Clark’s decision to retire was his own, and legal experts disagreed at the time about whether it was required. “Some observers had thought that Justice Clark could remain on the bench, because the Attorney General rarely signs documents that go before the Court,” The New York Times reported in March 1967. (The article noted that the conflict of interest is clearer with a solicitor general, “who represents the Justice Department before the Court,” which explains why Chief Justice Charles Evans Hughes’ son resigned as solicitor general when his father was appointed.)

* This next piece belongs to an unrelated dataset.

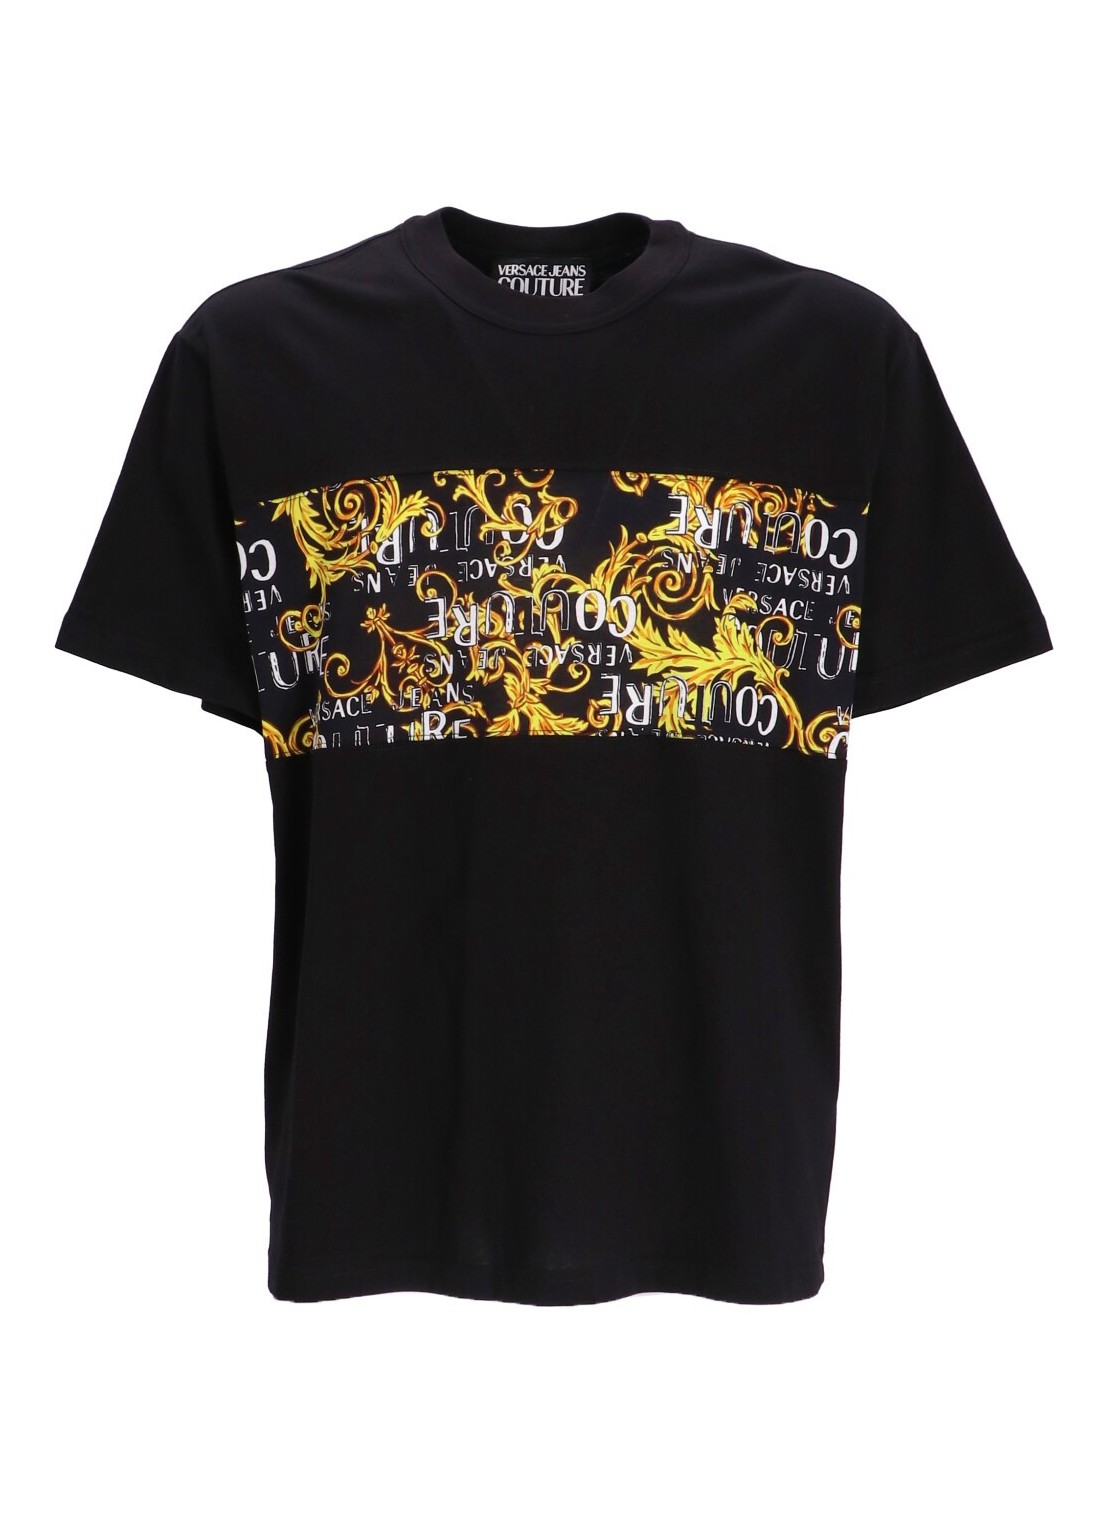 versace 74up601 r contr logo baroque t-shirt - 74gah617 g89 Talla S

Under federal law, a justice is required to “disqualify himself in any proceeding in which his impartiality might reasonably be questioned,” although there is no apparent enforcement mechanism. The statute highlights a family member’s involvement in a case as one of many potential reasons for recusal, but it doesn’t offer an exhaustive definition of this. It states that justices should not hear cases in which they, their spouse, or a “minor child residing” in their household “has a financial interest” or “any other interest that could be substantially affected by the outcome of the proceeding.” It also says that recusal is required when justices, their spouse, “or a person within the third degree of relationship to either of them, or the spouse of such a person” is a “party to the proceeding,” is “acting as lawyer” in the case, is a potential “material witness,” or has an interest known to the justice that stands to be “substantially affected” by the outcome of the dispute.

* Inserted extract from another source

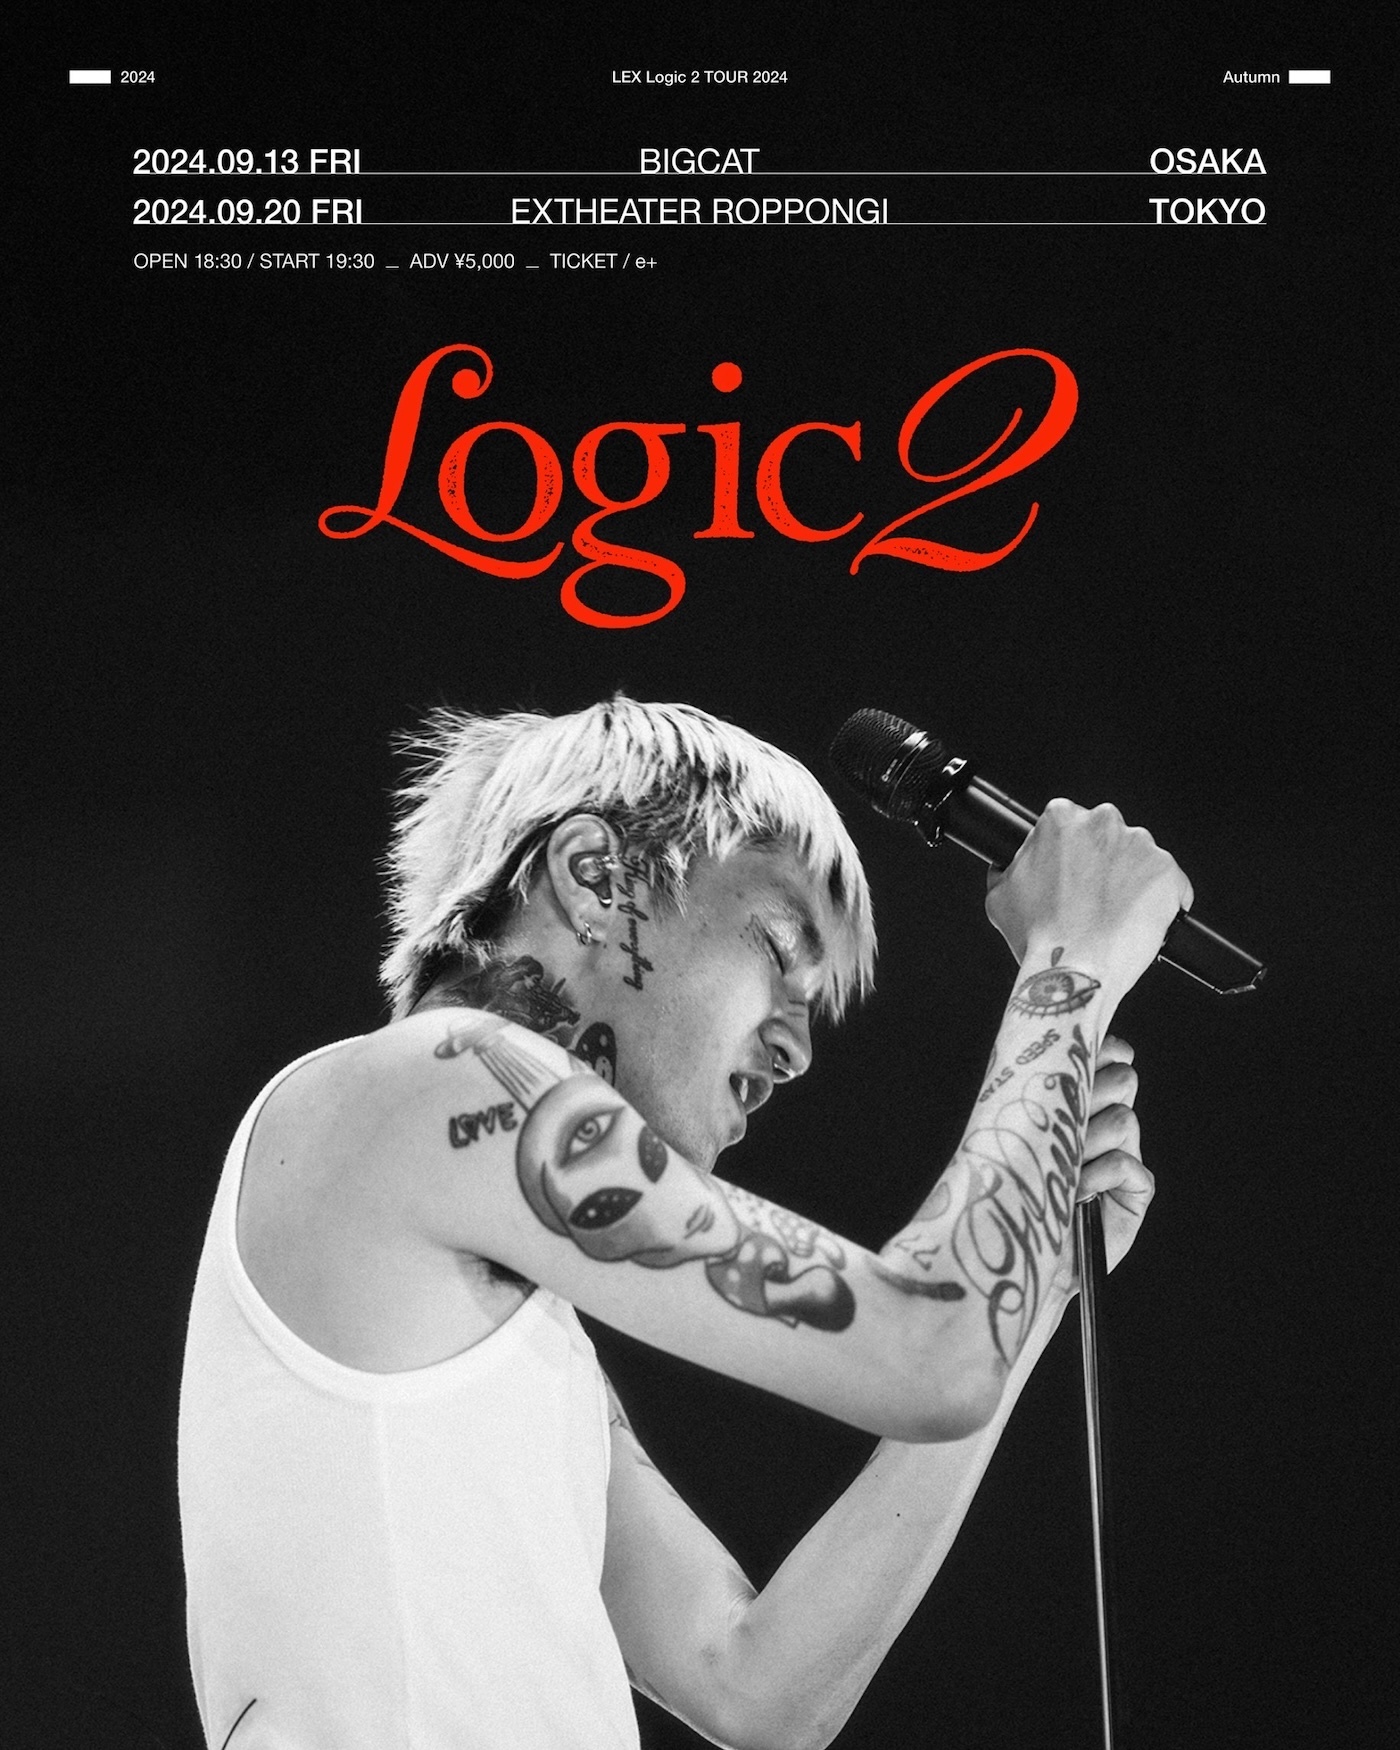 LEX Logic 2 Tour 2024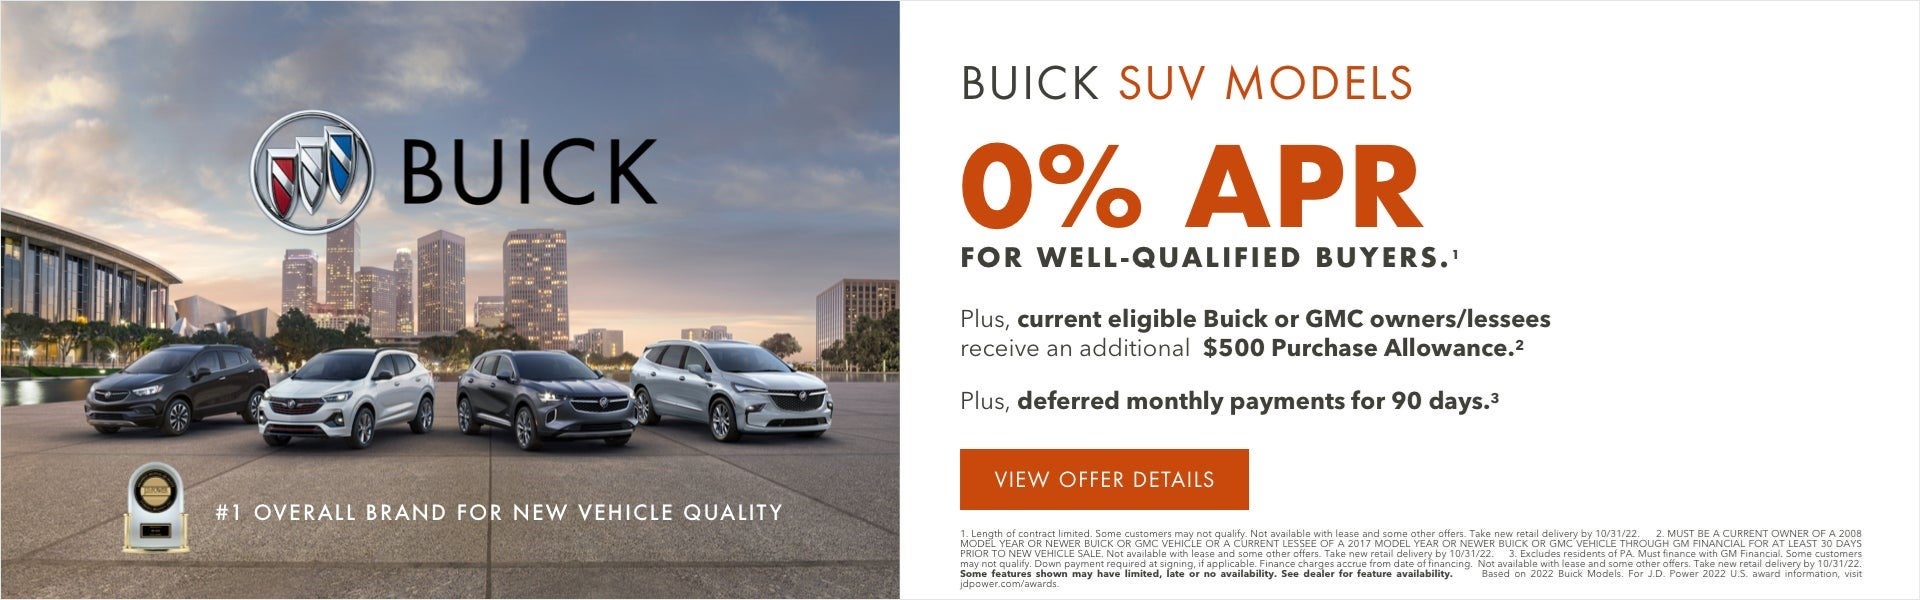 Buick SUV Models 0% APR

It’s clear under this law that a justice would be expected to recuse himself if his son were to argue a case before the court, but, as the debate over Clark’s retirement illustrates, it’s less clear if having a family member serving in a prominent role in the executive branch means that a justice would not be able to hear cases involving any part of the administration.

In November 2023, after a series of scandals related to Alito and Thomas taking – and then not disclosing – luxury trips with people involved (or later involved) in Supreme Court cases, the court built on the federal law regarding recusals with a formal code of conduct, which uses much of the same language concerning potential conflicts of interest involving family members. Under the code, justices are required to recuse themselves from “a proceeding in which the Justice’s impartiality might reasonably be questioned.” The code defines this as a situation in which “an unbiased and reasonable person who is aware of all relevant circumstances would doubt that the Justice could fairly discharge his or her duties.”

However, as SCOTUSblog reported when the code of conduct was released, it too “does not provide for any mechanism for its enforcement,” meaning that it is up to the justices to determine what to do when a potential conflict of interest falls into a grey area. And in making that determination, the justices may err on the side of hearing the case, because, as the code says, “[t]he loss of even one Justice may undermine” the court’s work.

In a statement to NOTUS about Philip Alito’s role at the Treasury Department, the Supreme Court’s public information officer, Patricia McCabe, shed some light on how the court has navigated potential ethics issues. Justice Alito did not recuse himself from this term’s tariffs cases, she explained, because Philip Alito “has not worked on any matter related to the tariffs imposed by the federal government.”

In his Bloomberg column, Roth, who has often criticized the court’s approach to recusals, wrote that he understands this decision. “If a case where Phil had direct involvement ever did reach his father’s desk, I’m confident Alito would recuse. Why? Because he’s done it in the past. When Phil was working as an aide on the Senate’s Permanent Subcommittee on Investigations in 2016, one of its subpoenas was challenged all the way to the Supreme Court. As Alito’s colleagues dismissed the challenge, a court order stated that the justice ‘took no part’ in considering it,” Roth said.

In any event, the ongoing debate over justices’ potential conflicts of interest is unlikely to vanish as long as confusion persists over how to apply and enforce the rules for recusal.